If statistics alone are the judge, then the staggering 800,000 to one million refugees who are expected to apply for asylum in Germany this year have put the country streets ahead of all its neighbours in the EU’s response to the worst refugee crisis to hit Europe since the Second World War.
But even in Germany, where Chancellor Angela Merkel has insisted that the nation is well equipped to meet the refugee crisis, not everything is perfect. While across the rest of the European Union, the reaction has been decidedly chequered.
Germany continues to be plagued by far-right attacks on refugee accommodation and police say there have been at least 200 such incidents this year alone. Asylum-seekers’ homes have been torched or surrounded by mobs of local residents and right-wingers screaming “filth out”.
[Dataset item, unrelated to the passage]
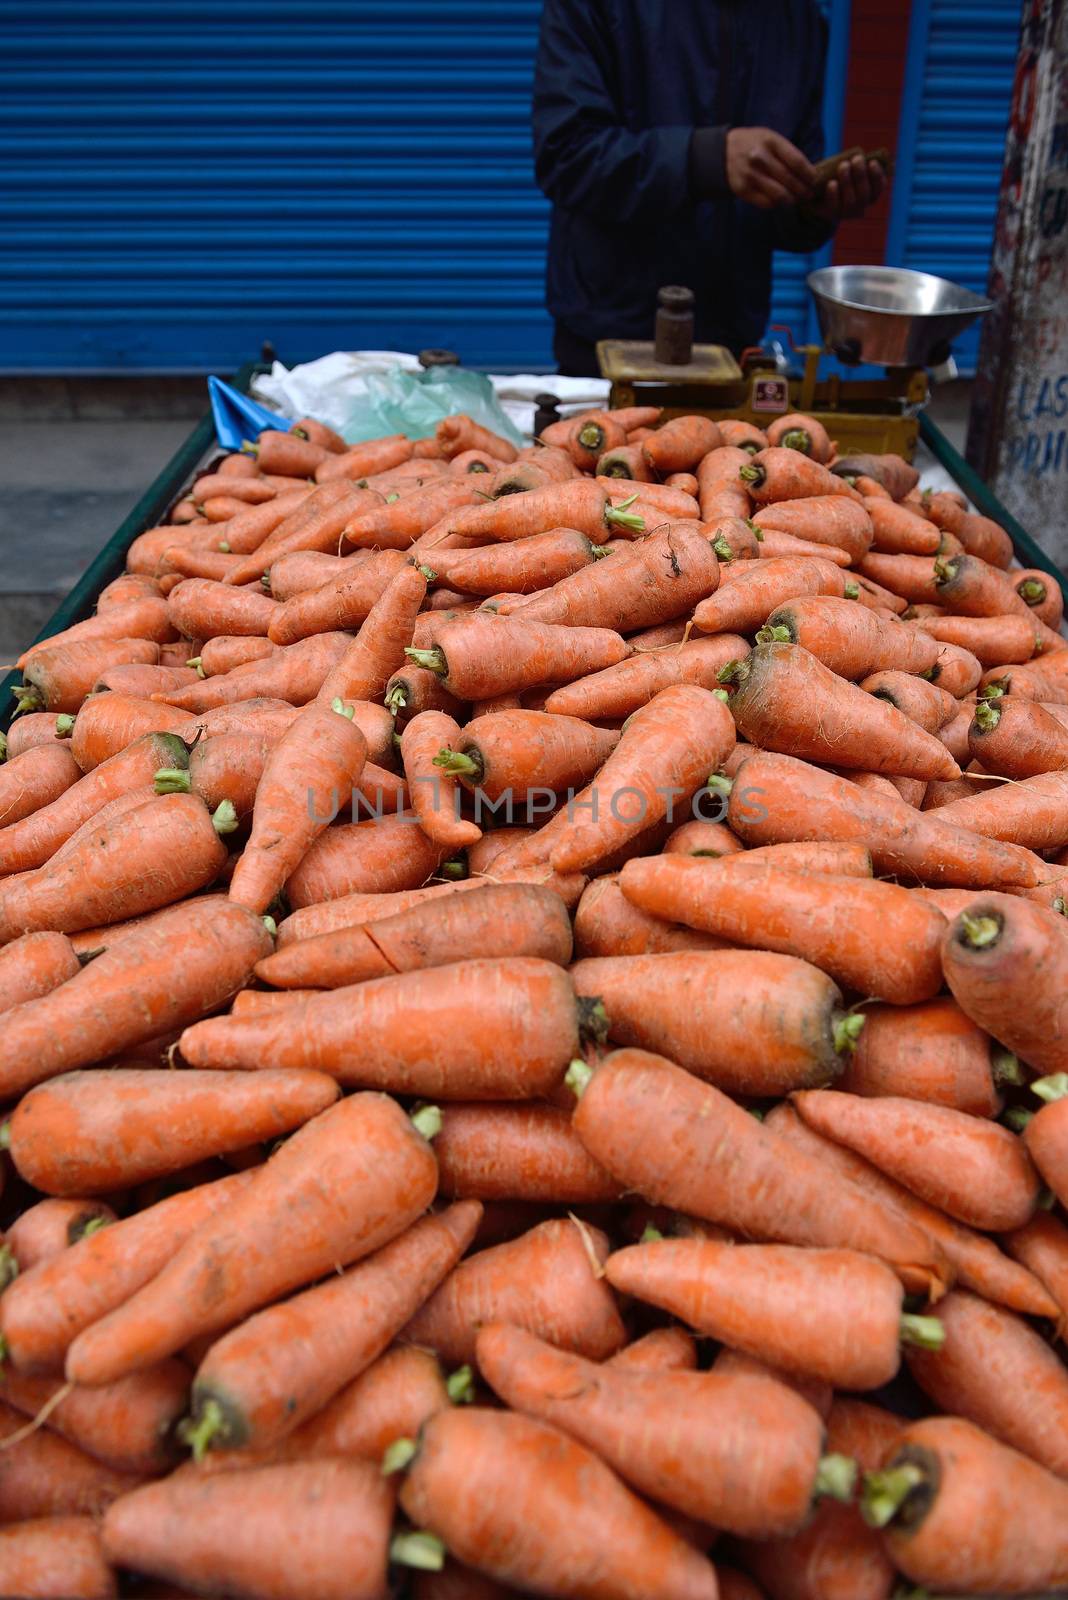 carrot in market scene near Boudha Nath (Bodhnath) stupa, kathm by think4photop
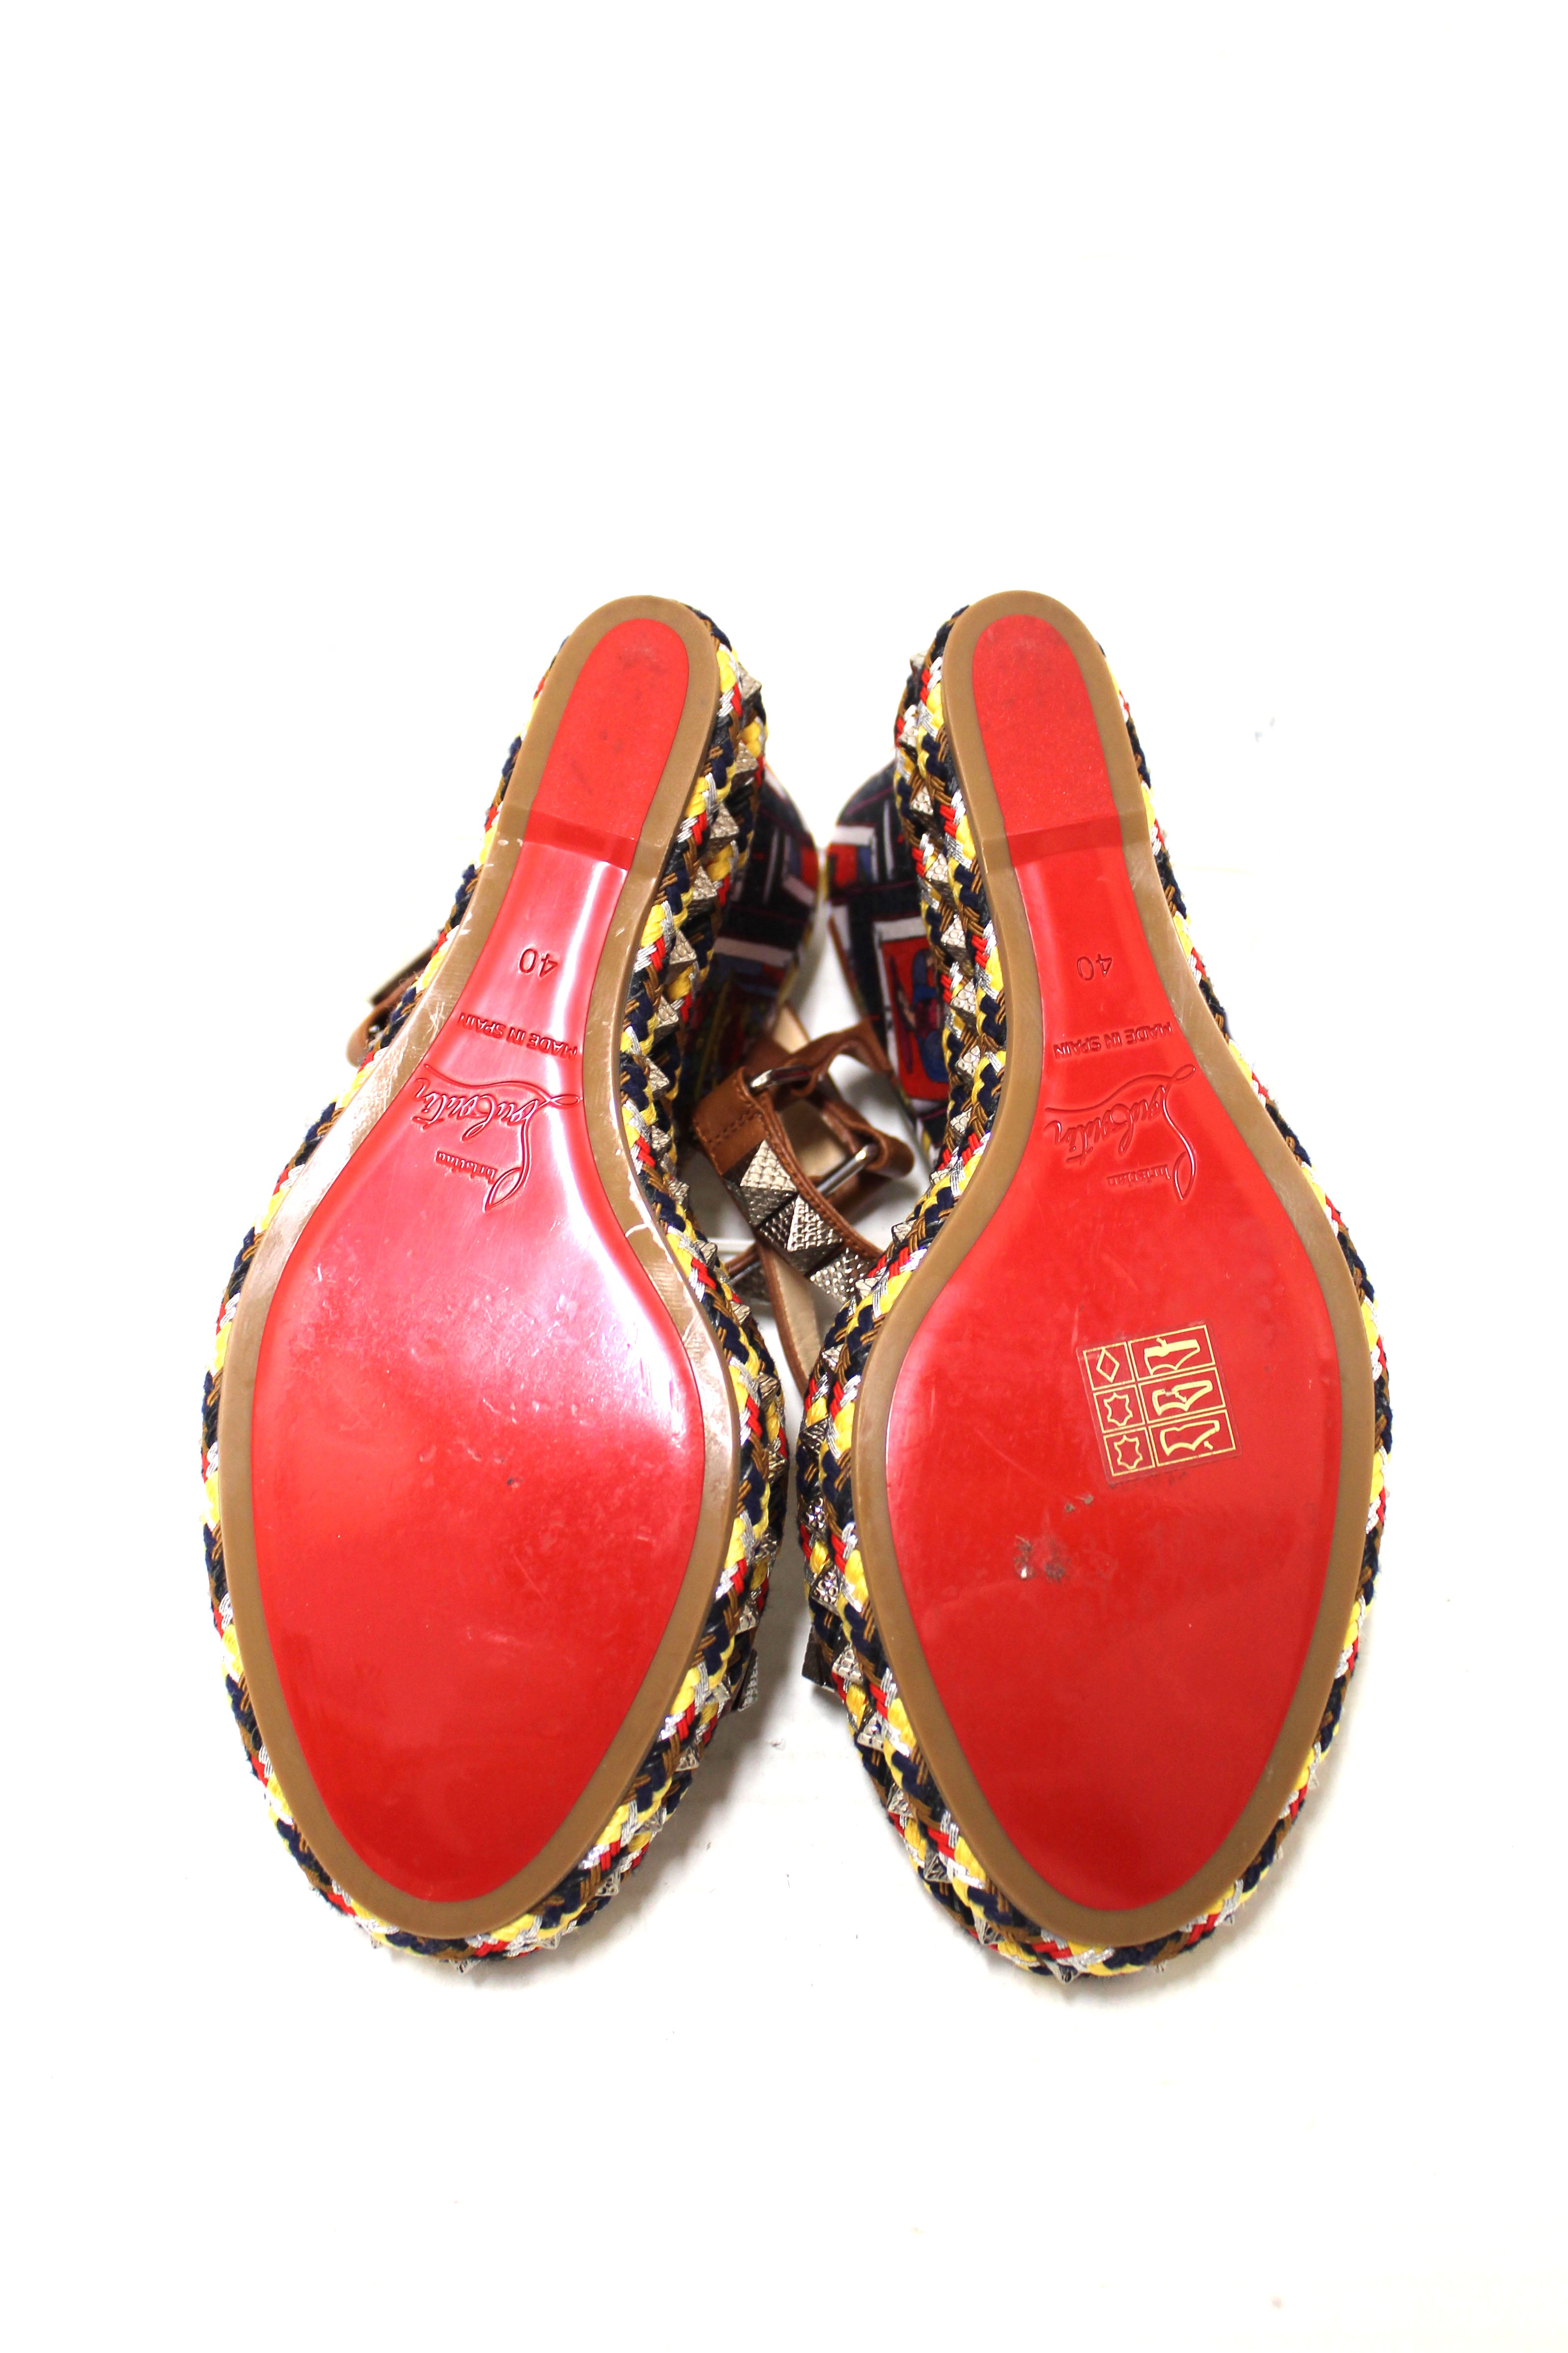 Authentic Christian Louboutin Pyraclou Tarot Wedge Espadrille Sandals size 40

The latest suspected firebomb attack was on a refugee home in Heppenheim in the west of Germany on 3 September, in which several refugees were hurt and one seriously injured after being forced to jump out of a second-floor window. Meanwhile, the country is braced for a huge new influx of some 14,000 refugees over the coming days.
A newly-published survey has shown that the country is divided. While 36 per cent of people in the former West Germany fear the consequences of the refugee influx, in the former communist East Germany, 46 per cent said they were worried or felt threatened.
Across the rest of Europe, Sweden appears to be the only EU country with a majority positively disposed towards foreign non-EU immigration. Between 71 and 77 per cent approve, according to a recent Eurostat survey. At the bottom of the list come Italy, the Czech Republic, Slovakia, Estonia and Latvia where only between 15 and 21 per cent welcome immigrants.
They are followed closely by Hungary, Bulgaria and Greece, where between 22 and 28 per cent of the population is positive towards non-EU immigration. Anti-foreigner sentiment in these countries may explain why their governments adopt a similarly hard line and have resolutely refused to accept the idea of refugee quotas.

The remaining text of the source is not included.